Denver’s top government watchdog is suing City Council over subpoena powers amid spat (2024)

Denver City Auditor Tim O’Brien this week filed a lawsuit against Denver City Council seeking to remove limits the council placed on his subpoena powers.

O’Brien, serving his second term as city auditor, publicly sparred with council leadership late last year over plans to audit the council’s operations. Bubbling beneath the surface was a separate dispute over a late change to the subpoena powers bill that the council passed in May.

Council leadership has reacted to the suit by saying they plan to repeal the ordinance that gave the auditor’s office subpoena powers in the first place. In a statement released Thursday, those leaders invited O’Brien to “engage with us to address the serious and legitimate concerns the council has in the matter.”

Subpeona powers mean the auditor has the authority to compel city contractors to provide records, documents or testimony necessary to completing audits if they don’t comply willingly. O’Brien on Thursday said his office already has the right to request and review records and documents but having subpoena powers provides a cheaper, speedier method for that than trips to court.

Denver’s top government watchdog is suing City Council over subpoena powers amid spat (1)

As outlined in the suit filed this week, O’Brien wants an amendment to the subpoena bill struck down. The amendment granted city agencies and contractors that keep “confidential and/or proprietary records” the power to reject providing copies of those records directly to the auditor’s office for off-site review. Instead, those record-holders have the authority to provide access to those records “on-site.”
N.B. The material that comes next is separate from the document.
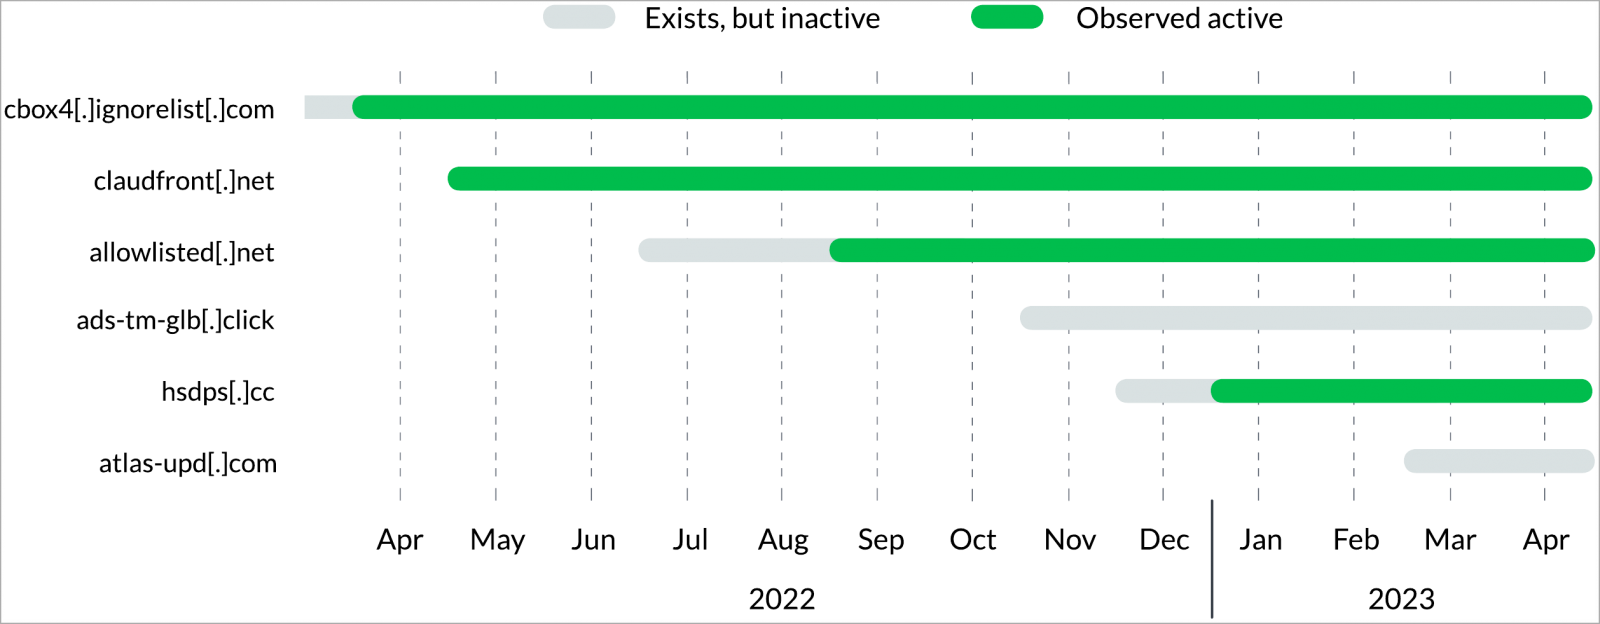 Timeline of Decoy Dog domain registrations

O’Brien’s suit contends that giving subjects that kind of leeway flies in the face of best practices for governments audits and violates provisions of the city charter.

In an interview with The Denver Post in December, O’Brien described the off-site amendment, brought forth by Councilman Kevin Flynn, as inappropriate and “the council getting into the auditor’s business.”

Flynn on Thursday said the bill would have failed entirely if not for the amendment which put in guardrails around proprietary data.

On Thursday, O’Brien said that he recently offered three alternatives to Council President Stacie Gilmore and Council President Pro Tem Jamie Torres to resolve the issue; remove the amendment; replace the amendment with language granting a court the authority to dictate the time, place and method that records would be provided to the auditor; or file a suit and let a court decide.

“I think the council leadership has very much misrepresented what we have tried to do in terms of resolving this,” O’Brien said. “We have tried to clarify it and they don’t seem to understand or maybe they don’t want to understand.”

In their statement Thursday, Gilmore and Torres said they were disappointed that O’Brien had taken the matter to Denver District Court. O’Brien rejected offers to work with the council on legislative fixes to his problems with the bill, they said.

The statement emphasized that council members support the auditor’s office having subpoena power, specifically in cases where the auditor is examining compliance with prevailing and minimum wage laws. But, council leaders say, repealing the ordinance and starting over is cheaper for taxpayers than hammering out differences in court.

In an interview Thursday afternoon, Gilmore said that throughout the legislative process last year, O’Brien was resistant to holding stakeholder meetings about the bill even after the Downtown Denver Partnership and Denver Metro Chamber of Commerce expressed concerns. He didn’t participate in the meeting the night the ordinance was passed.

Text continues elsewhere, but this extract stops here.